1 Project Introduction

Music streaming service companies such as Spotify and Pandora have built recommendaion systems to recommend songs and artists to users based upon user infomration. These systems mainly leverage user based collaborative filtering and content based models to implement the system. They continiusly learn fron the users behvior, interest and listening pattern.

The goal of this project is to implement a musical artist recommendations. Below are the details of the system implementaion:

Build a recommendation model using user-based collaborative filtering algorithm or UBCF
Recommend Similar Artists via the Artist-Genre Matrix
Recommend Artists for a Given User

2 Project Data - HetRec 2011

The datasets were generated by the Information Retrieval Group at Universidad Autónoma de Madrid (http://ir.ii.uam.es).

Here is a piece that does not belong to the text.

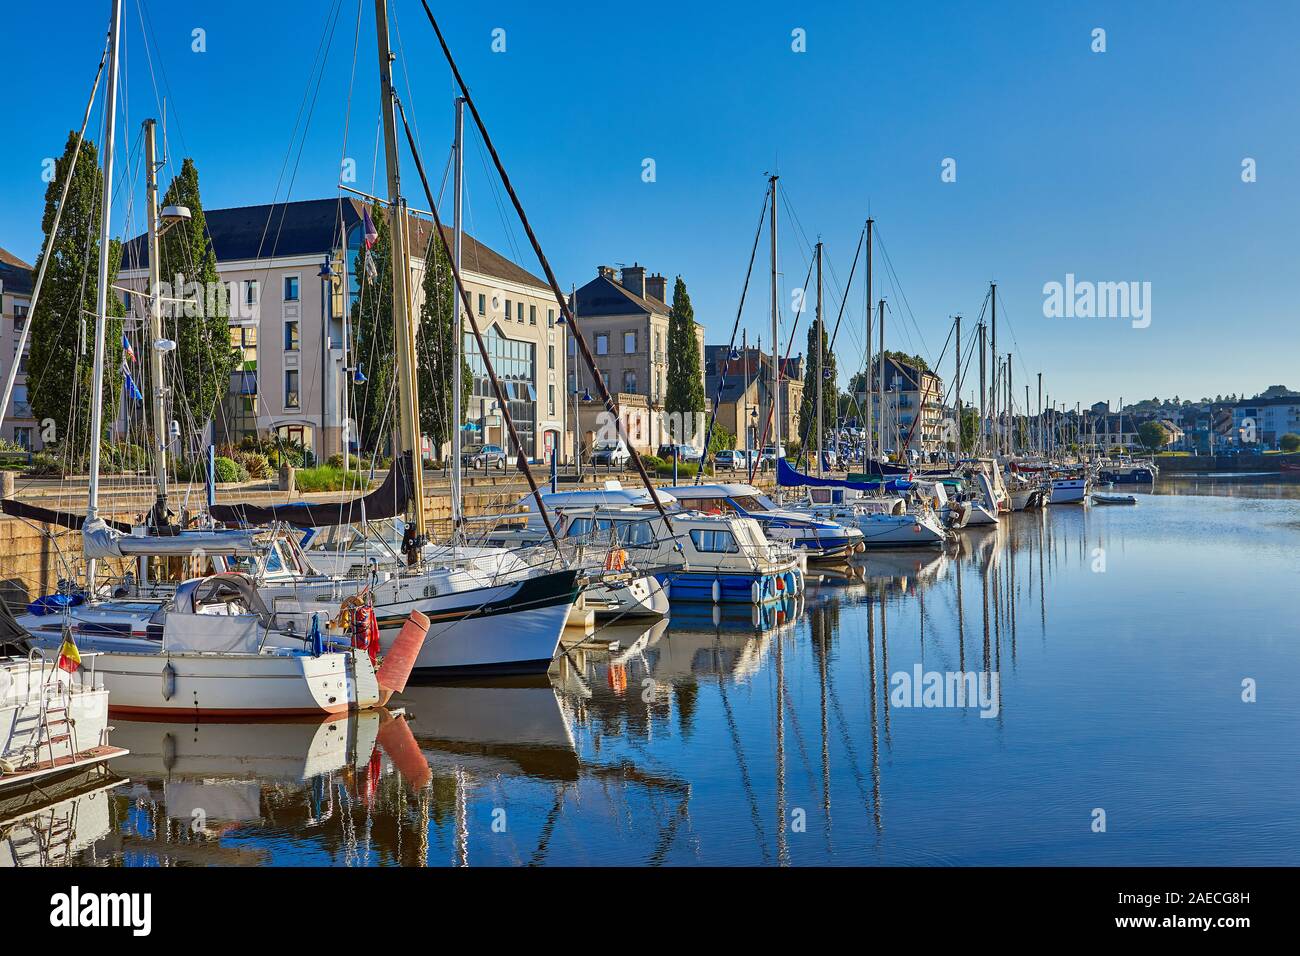 Bild von der Yachthafen von Redon, Bretagne, Frankreich Stockfoto

Before using these datasets, please review the README files for the usage license and other details.

link: https://grouplens.org/datasets/hetrec-2011/

This dataset contains social networking, tagging, and music artist listening information from a set of 2K users from Last.fm online music system. http://www.last.fm

Data statistics

1892 users
17632 artists
12717 bi-directional user friend relations, i.e. 25434 (user_i, user_j) pairs
- avg. 13.443 friend relations per user
92834 user-listened artist relations, i.e. tuples [user, artist, listeningCount]
- avg. 49.067 artists most listened by each user
- avg. 5.265 users who listened each artist
11946 tags
186479 tag assignments (tas), i.e. tuples [user, tag, artist]
- avg. 98.562 tas per user
- avg. 14.891 tas per artist
- avg. 18.930 distinct tags used by each user
- avg. 8.764 distinct tags used for each artist

3 Data Loading

artists.dat file contains information about music artists listened and tagged by the users.

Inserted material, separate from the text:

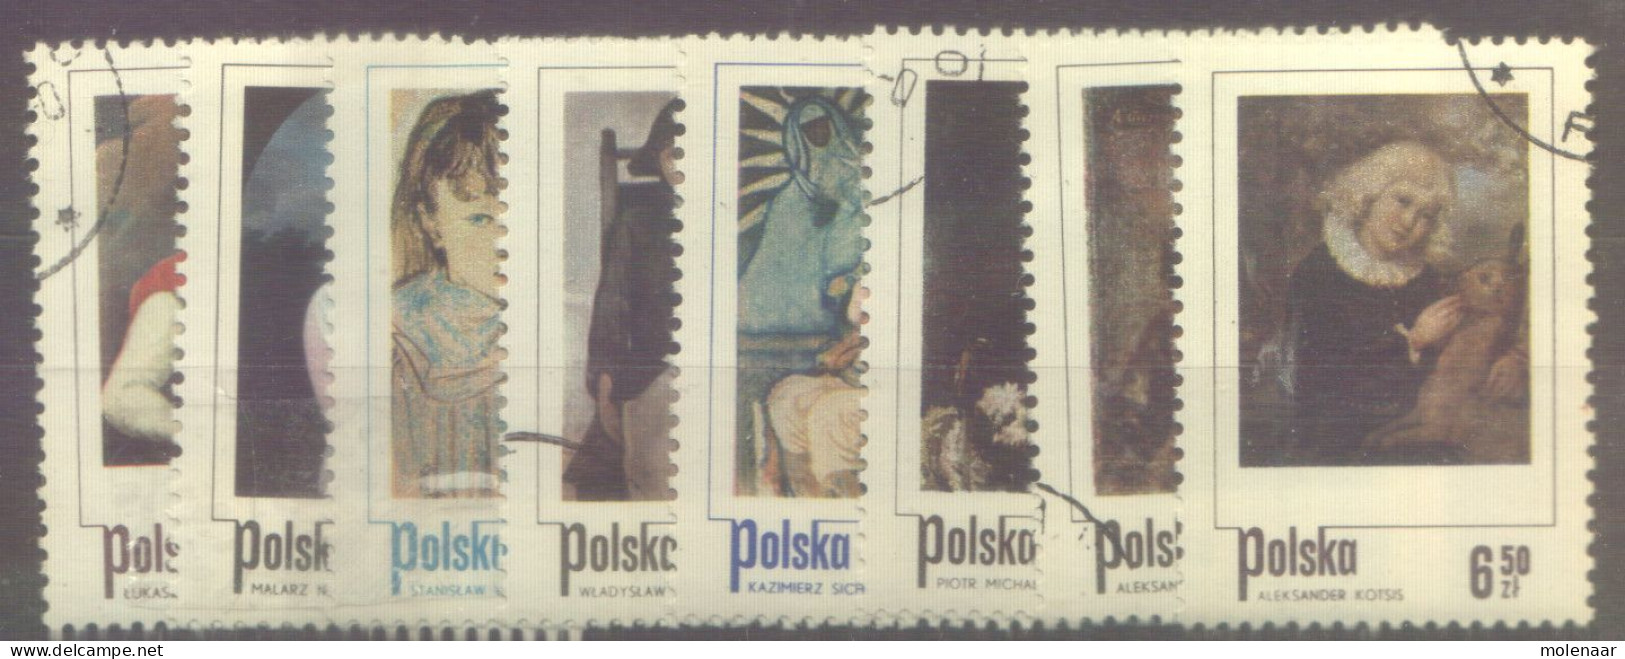 Postzegels > Europa > Polen > 1944-.... Republiek > 1971-80 > Gebruikt No. 2335-2342 (12112) - Usados

# load list of last.fm artists: 
artists <- read_delim("https://raw.githubusercontent.com/niteen11/MSDS/master/DATA643/dataset/hetrec2011-lastfm-2k/artists.dat", delim = "\t") %>% select(id, name)
dim(artists)

## [1] 16423     2

kable(head(artists,10))

id	name
1	MALICE MIZER
2	Diary of Dreams
3	Carpathian Forest
4	Moi dix Mois
5	Bella Morte
6	Moonspell
7	Marilyn Manson
8	DIR EN GREY
9	Combichrist
10	Grendel

user_artists.dat file contains the artists listened by each user. It also provides a listening count for each [user, artist] pair.

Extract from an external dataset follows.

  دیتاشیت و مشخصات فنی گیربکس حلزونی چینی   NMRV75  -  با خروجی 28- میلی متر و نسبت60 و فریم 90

# loading last.fm user_artists file
ratings <- read.table("https://raw.githubusercontent.com/niteen11/MSDS/master/DATA643/dataset/hetrec2011-lastfm-2k/user_artists.dat", header = TRUE, sep = "", stringsAsFactors = FALSE)
dim(ratings)

## [1] 92834     3

kable(head(ratings,10))

userID	artistID	weight
2	51	13883
2	52	11690
2	53	11351
2	54	10300
2	55	8983
2	56	6152
2	57	5955
2	58	4616
2	59	4337
2	60	4147

4 Exploratory Data Analysis and Visualization

In the below table TotalUsers column indicates the total number of last.fm users that have listened to the artist represented by the last.fm artist ID.

users_artists.stat <- ratings %>%
          group_by(artistID) %>%
          summarise(TotalUsers=length(unique(userID))) %>%
          arrange(desc(TotalUsers))

kable(head(users_artists.stat,10))

artistID	TotalUsers
89	611
289	522
288	484
227	480
300	473
67	429
333	417
292	407
190	400
498	399

library(ggplot2)
ggplot(data=head(users_artists.stat,100), aes(x=artistID, y=TotalUsers)) +
  geom_bar(stat="identity") +
  theme_bw()

Let’s build a user-artist-rating dataframe with artist’s name populated

users.artist.rating <- merge.data.frame(artists,ratings,by.x = 'id',by.y = 'artistID')
kable(head(users.artist.rating))

id	name	userID	weight
1	MALICE MIZER	34	212
1	MALICE MIZER	274	483
1	MALICE MIZER	785	76
2	Diary of Dreams	2066	83
2	Diary of Dreams	135	1021
2	Diary of Dreams	1604	455

Below dataframe shows artists names that are listened most by the users.

users.artist.info<- merge.data.frame(artists,users_artists.stat,by.x = 'id',by.y = 'artistID') %>%
                    arrange(desc(TotalUsers))
kable(head(users.artist.info,20))

id	name	TotalUsers
89	Lady Gaga	611
289	Britney Spears	522
288	Rihanna	484
227	The Beatles	480
300	Katy Perry	473
67	Madonna	429
333	Avril Lavigne	417
292	Christina Aguilera	407
190	Muse	400
498	Paramore	399
295	Beyoncé	397
154	Radiohead	393
65	Coldplay	369
466	Ke$ha	362
701	Shakira	319
302	P!nk	305
229	The Killers	304
306	Black Eyed Peas	304
55	Kylie Minogue	298
461	Miley Cyrus	286

Let’s focus on top 1000 artists as determined by the number of listeners/ users.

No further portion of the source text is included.